Jade smiled. “You cannot be every woman’s knight in shining armor, Detective.”
“I don’t strive to be. Now, explain Hiro.”
Jade sighed. “Mr. Hiro and I go way back. Up until last night he had been a perfect gentleman. Maybe the full moon brought out his frisky side. I doubt I’ll see him again anytime soon. He ditched me.”
“Tell me about Jack Morton.”
She shrugged. “Not much to tell. He bought out Sam Callahan two months ago. My gut says he’s new money, and he’s in trouble. It explains why our membership has taken a slide into the new-flash pool.”
“As opposed to old money?”
“There’s a difference. It’s a rare new-money mogul who doesn’t let everyone know he’s loaded. Their wives? All flash. No subtlety. They wear it like a sign. ‘Look at me, I have money and now I’m better than you.’ The men come in here and think all they have to do is snap their fingers and the girls will drop. We don’t, they get pissed, and we have a problem.”
“Did Townsend expect you to drop for him?”
“Yes.”
“And when you refused?”
“He put his hands on me. I told him if he touched me again, I’d cut his balls off and shove them so far down his throat he’d choke to death.”
Jase froze. “I beg your pardon.”
Jade smiled, the gesture stinging. “Mac stepped in, and even then Townsend pushed. Finally, he left with Genny.”
“Then what?”
“Then I went home.”
“You’re lying.”
“Why do you think so?”
“I heard the nine-one-one tape, and you did a lousy job disguising your voice.”
“Hire a voice expert, and you’ll see it wasn’t me.”
Jase nodded. “Don’t think I won’t.”
“I would expect nothing less from you, Detective. Now please, go do your job so I can do mine.”
Jase slid into the unmarked and called his partner.
“Maza.”
“I have some rather interesting info.”
“Shoot.”
“It seems our Miss Devereaux told Townsend when he wouldn’t take no for an answer the other night, that if he persisted, she’d cut his balls off and shove them down his throat.”
“No shit. A sideways confession?”
“I don’t think so, she was pissed, and she’s too smart. Maybe she didn’t hack him, but the person who did him must have overheard her threaten Townsend and knew we’d find out.”
“You think someone is trying to pin this on her?”
“Maybe. But my gut says she’s involved somehow, I’m just not sure how. I’ll bet my new house she was the one on the nine-one-one tape.”
“I’ve already sent it out for analysis.”
“Good. Did you run down Otis Thibodeaux?”
“Yep, just got it. He likes the good life. Suite nine-twenty at the San Jose Fairmont. You want me to visit him?”
“I’m on my way right now. Do we have any more from the coroner? Or the techs? I need some DNA.”
“Lab is backed up. Most of it’s going to county, where we take a number.”
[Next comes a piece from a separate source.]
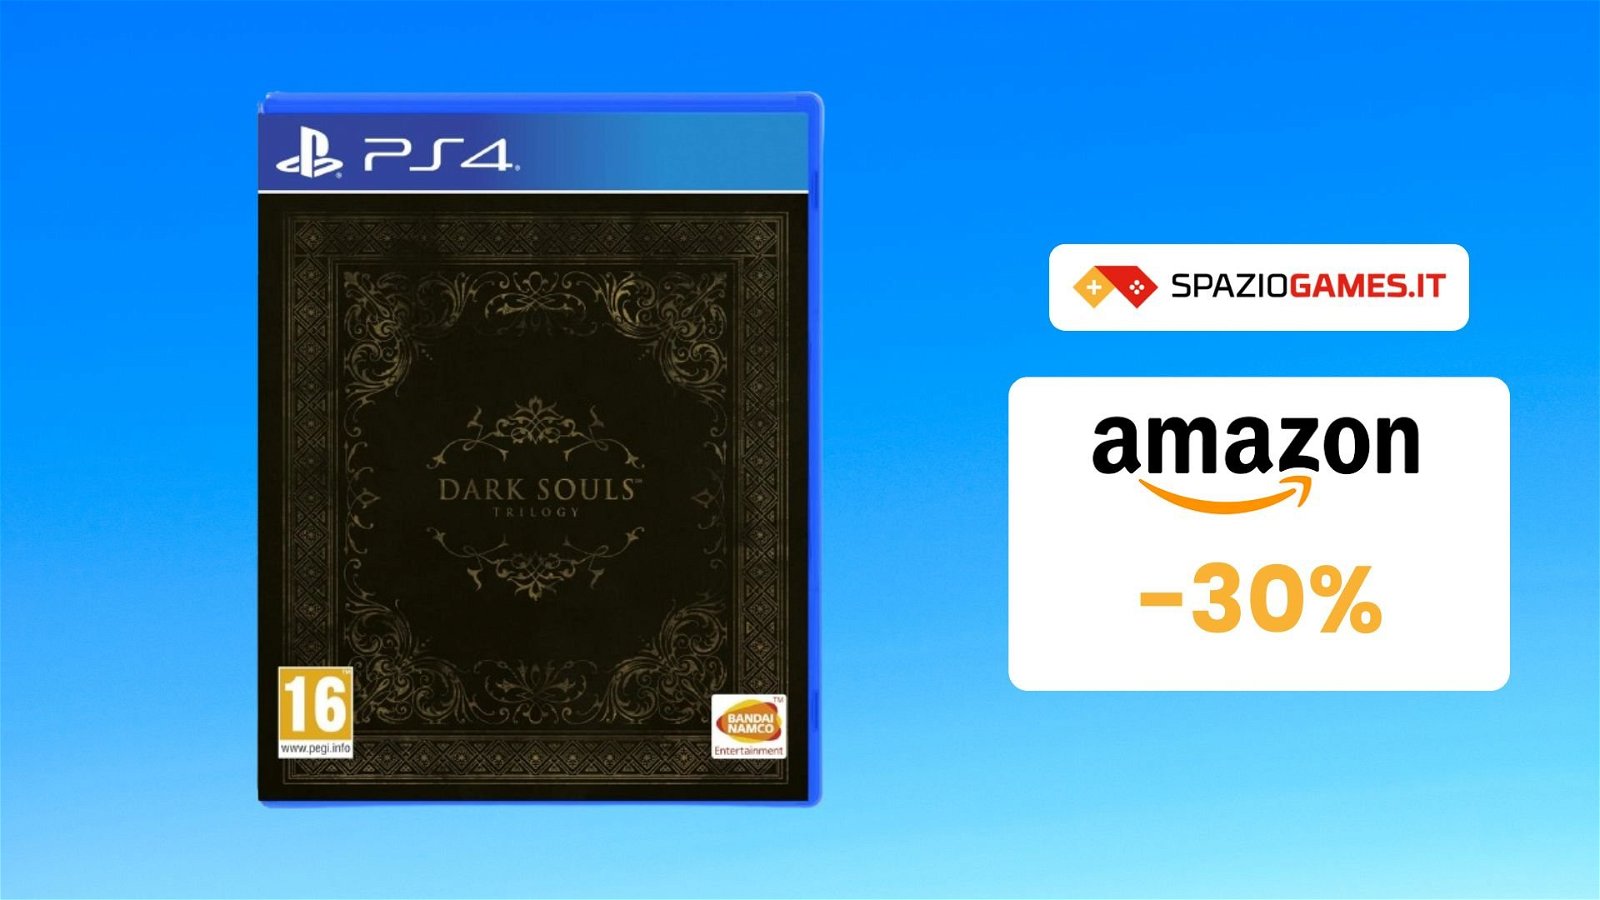 Dark Souls Trilogy a un prezzo SUPER! SOLO 30€!

“You’d think with a San Jose resident as the murder victim they would speed it up.”
“Nah, the sheriff has cracked down on cuts. We wait our turn.”
“That’s bullshit.”
“Agreed.”
“Run down a William Trent MacDonald, and Katsuo Hiro—”
“Is that the chap Jade left with last night?”
“Yeah.”
“You know he’s the CEO of SyTech, don’t you?”
That was why he was so familiar. Global SyTech, Japan’s answer to Microsoft.
“I knew he was connected. Be quiet about it, he got a little overzealous with Miss Devereaux last night at dinner. Not sure what would have happened if I hadn’t interrupted.”
“She’s turning tricks in restaurants?”
“It looked that way, but now I’m not sure.”
“Don’t fall for the crack, man.”
Jase laughed. “That’s my line.”
“I’m serious. Even for the hit-and-run master you are, sometimes all it takes is one woman to geld you.”